Weight recovery occurs regardless of tumor response → indicating a cachexia-correcting effect independent of tumor shrinkage.
NKT2152
Rapidly and durably suppresses plasma PTHrP.
Patients with high baseline PTHrP derive the greatest benefit in terms of weight gain and calcium normalization.
Here again, tumor response rate and weight recovery are uncoupled → suggesting potential as a cachexia therapy.
The main trends remain consistent in sex-stratified analyses.
Broader implications and future perspectives
PTHLH strongly correlates with HIF transcriptional signatures across many cancer types, and is highly expressed particularly in KIRC, HNSC, and lung squamous cell carcinoma.
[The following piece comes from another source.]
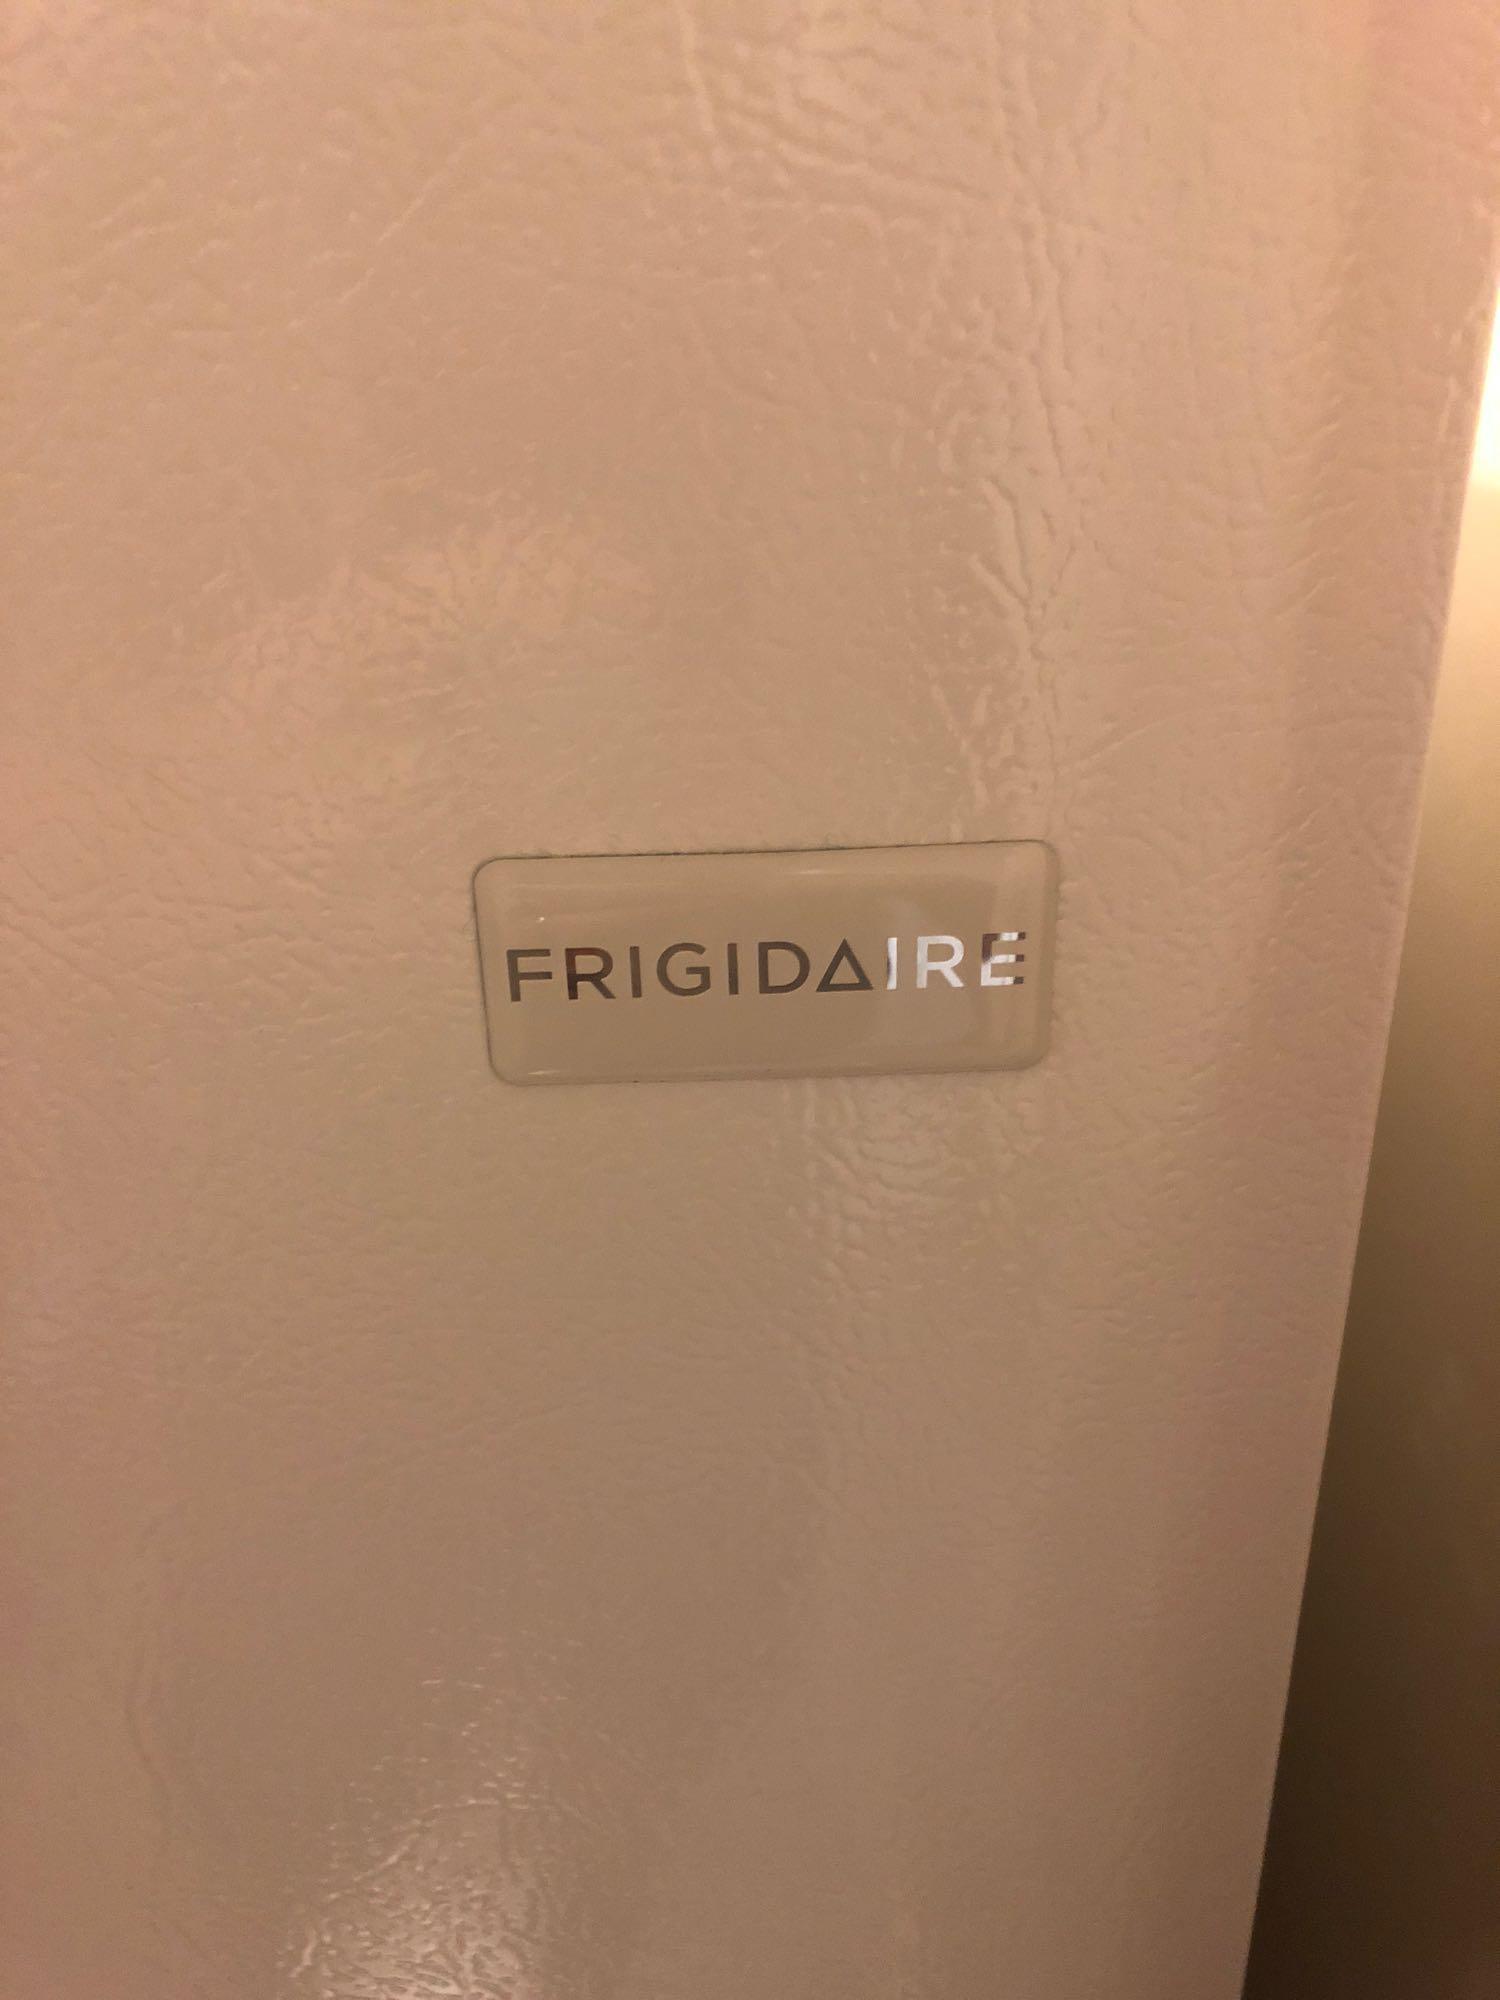 FRIDGADAIRE upright freezer(model LFFU14F5HWS)(contents not included)

In ccRCC, PTHrP serves as:
a mechanistic driver of cachexia and hypercalcemia, and
a potential pharmacodynamic biomarker of HIF2 inhibitors (falls rapidly after dosing).
Future strategies:
Prevent cachexia in the pre-onset and early stages by directly targeting PTHrP or HIF2.
Through combined analysis of other secreted factors such as GDF15, develop tumor-type- and patient-tailored cachexia therapies based on PTHrP and GDF15.
In other cancers (pancreatic cancer, head and neck cancer, lung cancer, etc.), test activation of the hypoxia–HIF–PTHrP axis and dissect the respective roles of HIF1 and HIF2.